The cargo owner was therefore unsuccessful, even though its cargo cover was subject to the Institute Cargo Clauses A and contained the following two provisions:
 
Container clause
 
Notwithstanding anything contained herein to the contrary, where Cargo, insured hereunder, is carried in Containers, it is agreed, as between the Assured and Insurers, that the seaworthiness and/or cargo worthiness of the container is hereby admitted. 
 
It is agreed that this insurance contract has also to pay for shortage of contents (meaning thereby the difference between the number of packages as per shippers and/or suppliers invoice and/or packing list loaded or alleged to have been laden in the container and/or trailer and/or vehicle load and the count of packages removed therefrom by the Assured and/or their agent at time of container emptying) notwithstanding that seals may appear intact and/or any other loss and/or damage including but not limited to cargo and/or container sweat howsoever arising. 
 
Fraudulent documents clause 
 
This insurance contract covers physical loss of or damage to goods and/or merchandise insured hereunder through the acceptance by the Assured and/or Shippers of fraudulent documents of title, including but not limited to Bill(s) of Lading and/or Shipping Receipt(s) and/or Messenger Receipt(s) and/or Shipping documents and/or Warehouse Receipt(s) and/or other document(s) of title. 
 
This insurance contract is also to cover physical loss of or damage to goods insured caused by utilisation of legitimate Bill(s) of Lading and/or other documents of title without the authorisation and/or consent of the Assured or their Agents and/or Shippers.
 
The argument advanced by the cargo interests that physical loss claims included circumstances where an Assured had been defrauded into taking out documents of title for non-existent goods was not accepted.
 
In an interesting and thought-provoking article in relation to this case in the November 2018 issue of Lloyds Maritime & Commercial Law Quarterly, John Dunt (visiting Senior Research Fellow at the Institute of Maritime Law, University of Southampton) posed the question "Can marine cargo insurance provide cover for non-existent goods?" He concluded that:
 
There are many widely drawn insurance covers in use worldwide in today's cargo insurance market. This decision confirms that, even in a widely drawn open cover cargo contract, there should be an insurable interest and cargo which can commence transit, so that, in the absence of clear wording, there will not be cover for non-existent goods. Indeed, it is suggested here that, to cover financial losses occasioned by the acceptance of fraudulent bills of lading, an insurance is required that contains explicit wording covering financial losses not related to loss of cargo.

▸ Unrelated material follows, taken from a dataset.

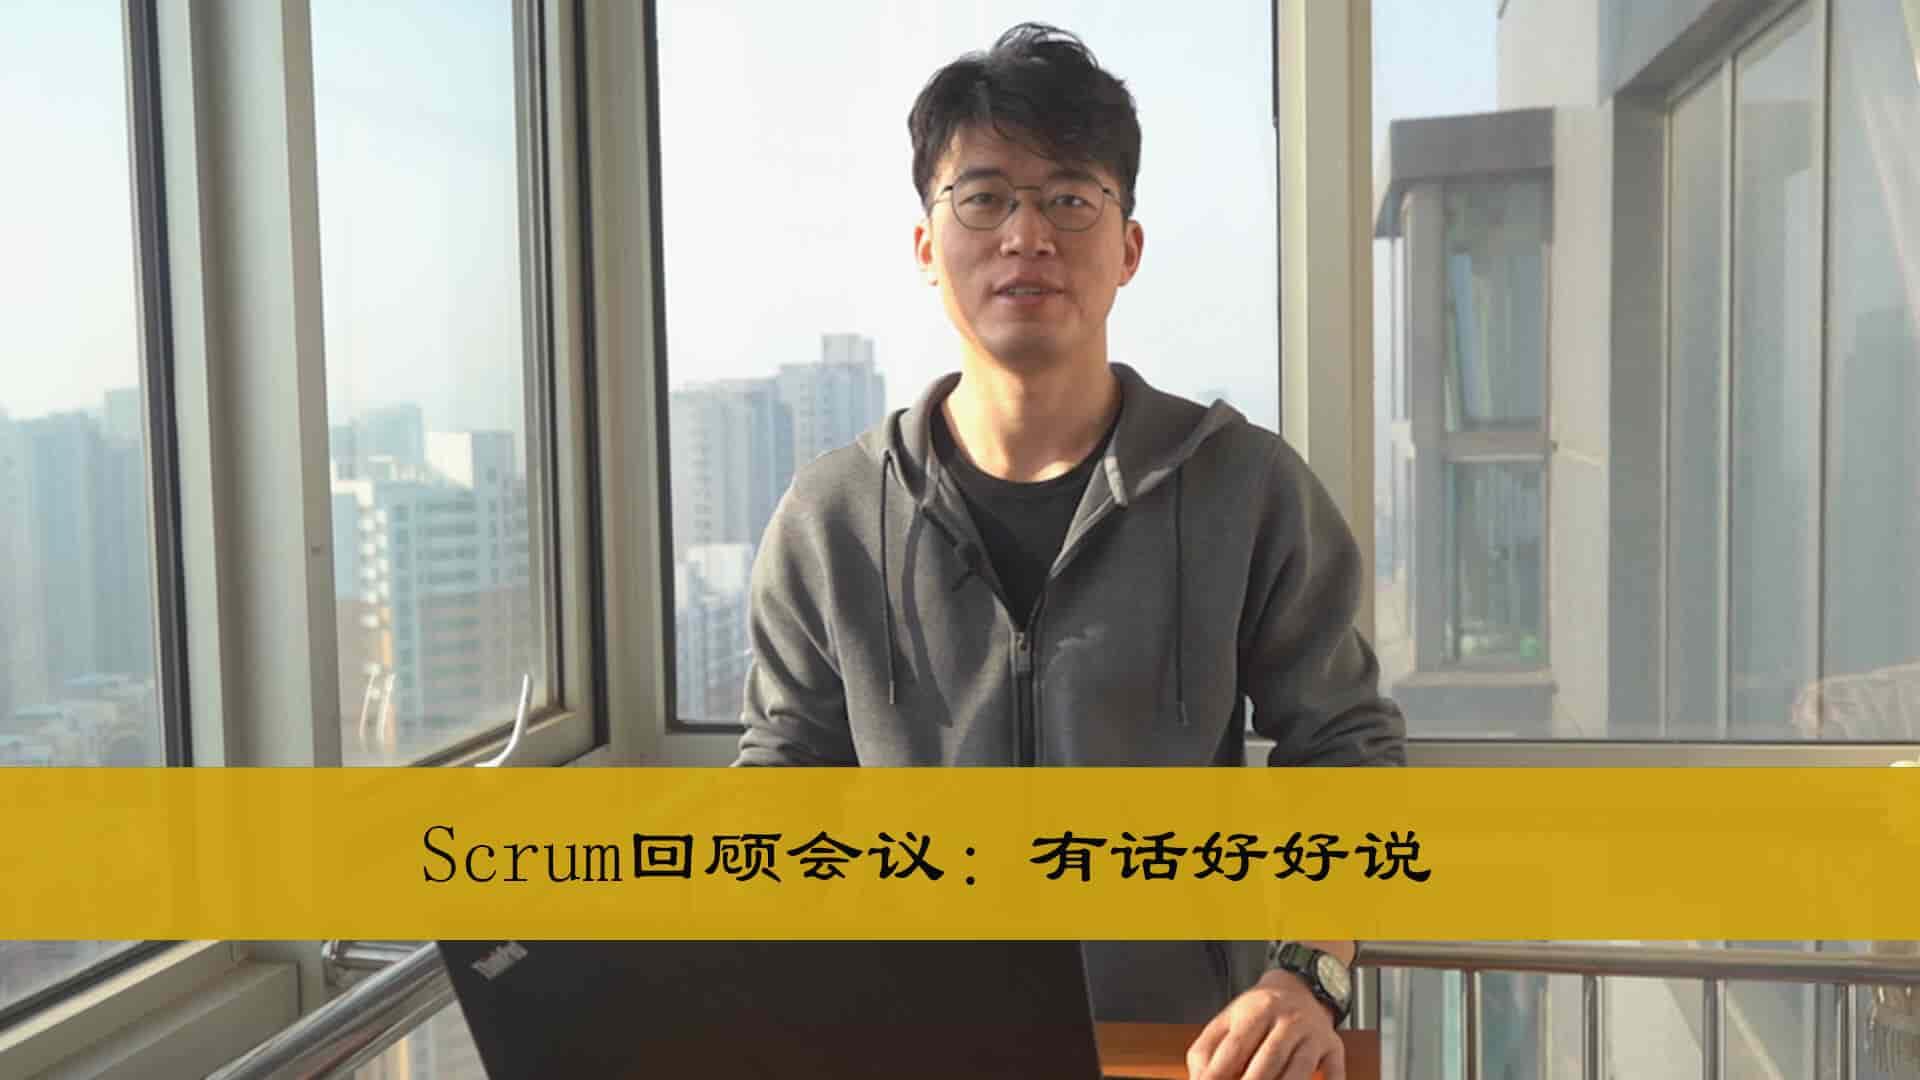 Scrum回顾会议:有话好好说
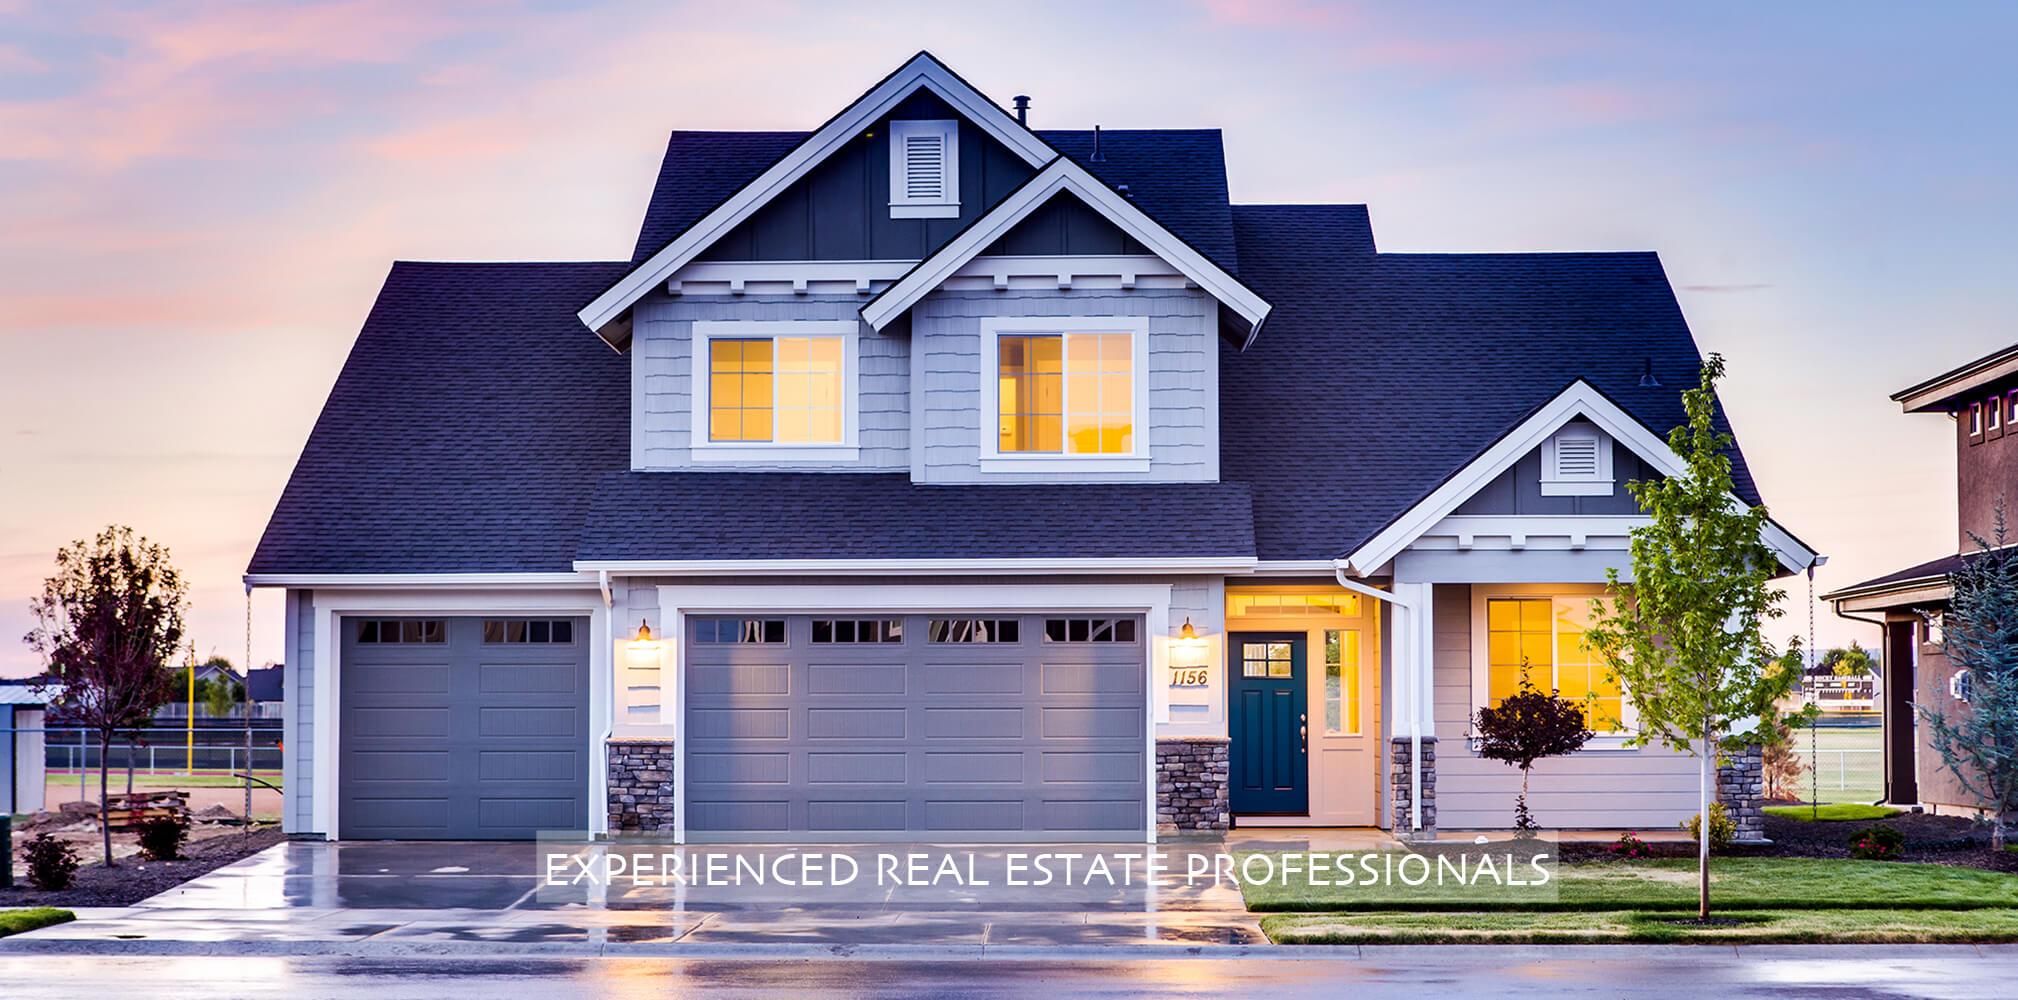 Austin Homes for Sale under 300k

How Engelhart compares with NSW Leather v Vanguard Insurance 

This case and Dunt's article is somewhat reminiscent of the decisions of Carruthers J in March 1990 and the New South Wales Court of Appeal in late 1991 in NSW Leather v Vanguard Insurance (1991) 25 NSWLR 699, which involved a cargo claimant who had been unsuccessful at first instance in recovering against its insurer for the loss of goods shipped pursuant to an FOB contract from Brazil to Sydney. It was common ground in the case that the containers had been broken into prior to loading and the bulk of the leather cargo stolen, fresh seals having been fraudulently attached thereafter. At first instance it was held that the importer had no insurable interest at the time the goods had been stolen. 
 
The open policy wording contained the agreement that the insurance was "an Insurance (lost or not lost)…". The first instance judge had also held that the "lost or not lost" clause could not be availed of. The claimant, however, succeeded in the Court of Appeal in reliance on the "lost or not lost" clause. 
 
It needs to be recalled in that context that section 12 of the Marine Insurance Act 1909 provides as follows:
 
(1) The Assured must be interested in the subject-matter insured at the time of the loss though he need not be interested when the insurance is effected: Provided that where the subject-matter is insured "lost or not lost" the Assured may recover although he may have not acquired his interest until after the loss;…
(2) Where the Assured has no interest at the time of the loss, he cannot acquire interest by any act or election after he is aware of the loss.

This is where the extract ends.